As demonstrated from the summary of literature in Table 1, ADC measurements have been reported to be repeatable and reproducible in healthy tissues 17 and prostate, 11 breast, 12 lung 15 and rectal cancers 13 with similar values achieved in our study in multiple myeloma lesions. In a recent prospective study, Wennmann et al., 10 assessed repeatability and reproducibility of ADC measurements of pelvic bone marrow in patients with monocloncal plasma cell disorders. Overall, CoV for pelvic ADC measurement was 14.5% for test–retest reproducibility at 1.5T in 27 subjects and 15.8% for interobserver agreement using combined data at 1.5 and 3T. Similar values were achieved in our study for all lesions (14.5 and 17.9% respectively) and also in pelvic lesions (15 and 22.8% respectively). Reproducibility of ADC measurements between 1.5 and 3T showed very high CV of 41.3% for pelvic ADC measurement which they postulated was due to susceptibility differences between trabecular calcium hydroxyapatite and bone marrow being more marked at higher magnetic field strengths. Unlike our study, test–test reproducibility at 3.0 T was not assessed in their study and in addition focal lesions were not assessed. Assessment of focal lesions is important as the emphasis of ADC measurement in MY-RADS response is with focal lesions. These findings separately confirm the test–retest reproducibility of the ADC measurements in patients with multiple myeloma.
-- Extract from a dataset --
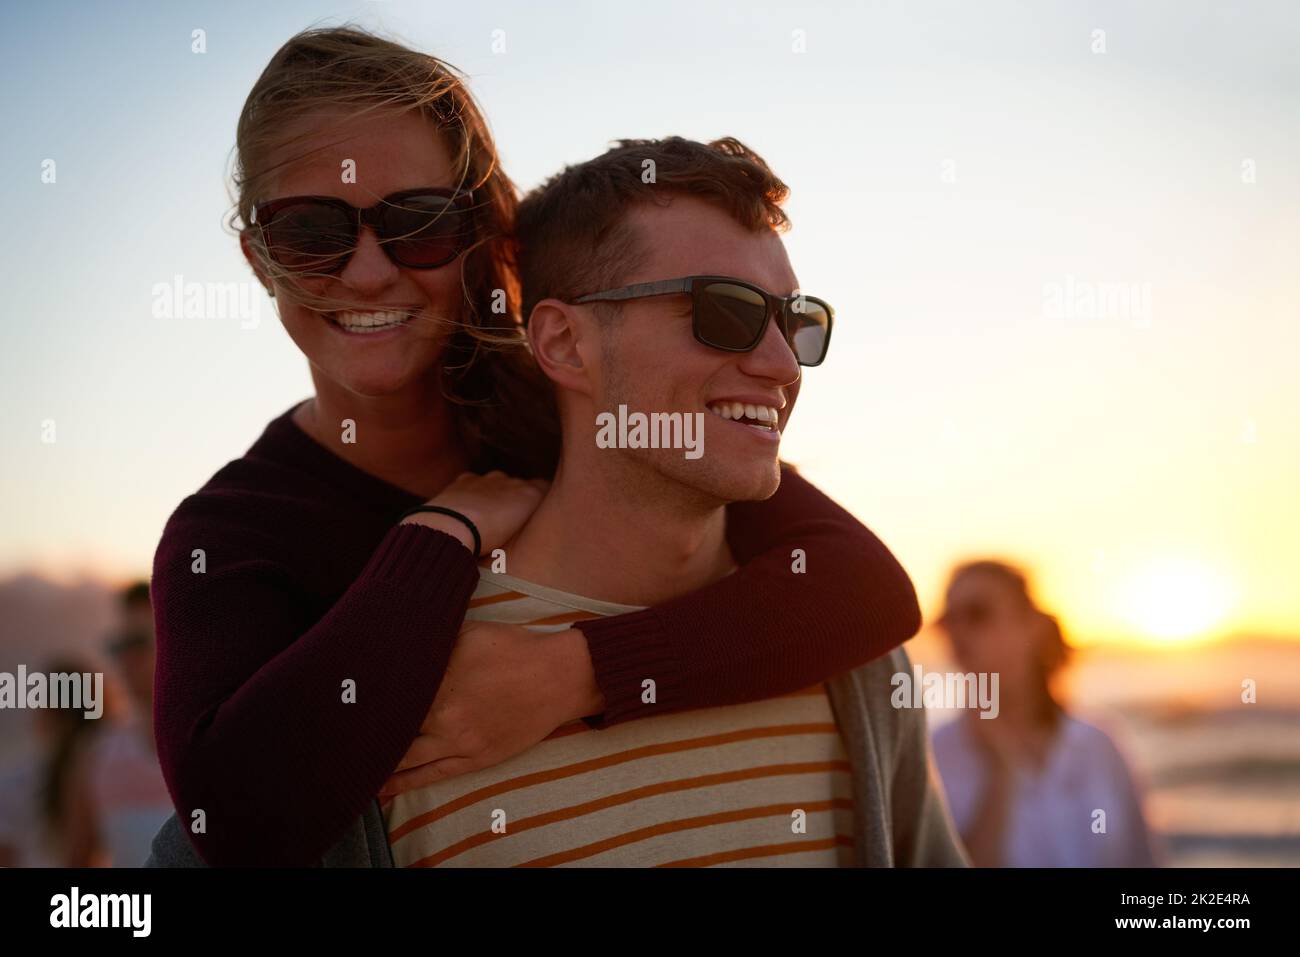 Je suis heureux quand je l'ai proche. Photo courte d'un jeune homme affectueux qui soutient sa petite amie sur la plage. Banque D'Images

The size of lesions has been reported to impact the repeatability of ADC measurement in a number of tumours including myeloma. 21,23,24 Weller et al (2011) demonstrated that ADC measurement variability is lower for large size lung lesions in comparison to small lung lesions (>3 cm, CV 3.9%;<3 cm, CV = 9.6%). 15 Only one previous retrospective study has assessed the impact of lesion size in myeloma ADC measurements at 1.5T, Barwick et al 21 21 reported for mean ADC, excellent ICC and low CV for inter- and intraobserver agreement for small (<10 mm) and large (>10 mm) lesions. They did not assess test–retest reproducibility. In our study, for large lesions interobserver agreement was excellent but reduced for smaller lesions (ICC 0.9, CV 9.8% large vs ICC 0.54, CV 18% small) which we postulate may be due to smaller lesions being more subject to partial voluming and noise making them more difficult to outline.

The choice of ROI has a major impact on the ADCs values and its repeatability and reproducibility. 23 Blazic et al 5 in a rectal cancer study concluded that the larger measurement methods yield greater accuracy in response assessment. However, Nogueira et al 25 showed that smaller fixed ROIs have higher ADC reproducibility and less variability than segmenting the whole lesion in primary breast tumours. For focal lesions, we adopted single slice ROI at maximum axial dimension of the tumour as opposed to whole tumour multislice outlining which is a potential limitation. However, this is the approach taken in previous myeloma studies 14 since unlike other primary tumours, myeloma lesions tend to be numerous so a single slice approach is less time consuming which may be more feasible for potential future clinical use. However, future studies may assess whole tumour segmentation tools using machine learning algorithm to measure disease burden and assess response which the current evidence supports its feasibility 26,27 This is currently under ongoing research in our institute (Machine Learning in Myeloma Response (MALIMAR) study. 28

For diffuse disease, we used two different methods: fixed ROI sampling techniques and segmentation of whole area of interest on a single slice. Both had excellent intraobserver agreement. However, the first technique of predefined ROI had better test–retest reproducibility (ICC = 0.81) but poorer interobserver agreement (ICC = 0.46) in comparison to the second whole segmentation technique (ICC = 0.58 and 0.9 respectively) (Table 3). It is interesting that with whole slice segmentation test–retest reproducibility was inferior to single slice fixed size ROI which may reflect reduced precision of ADC measurement at the boundaries of bone marrow with other tissue when whole segments are outlined manually. Whole slice segmentation is time-consuming in clinical practice so automated approaches are desirable. Recently published work by Wennmann et al, demonstrated that a deep learning algorithm can perform automated bone marrow segmentation of 30 different bones from which automated extraction of ADC values for whole bones can be performed. This method could lead to improvements in reproducibility of ADC measurements. 10

Messiou et al, assessed test–retest reproducibility of ADC measurement of bone marrow in non-diseased healthy volunteers at 1.5 T 16 and reported better values to the assessment of diffuse disease in the pelvis in comparison to the results in our study (CV = 14.8% vs 32%). The heterogeneity of ADC measurements in diffuse disease can be explained by the increased likelihood of selecting a different slice/ region for ‘diffuse’ as opposed to ‘focal’ lesions. In addition, the marrow of healthy volunteers may potentially be less heterogeneous than diseased marrow. Further focused research with larger power is required before drawing any specific conclusion about the best method for assessment of diffuse disease.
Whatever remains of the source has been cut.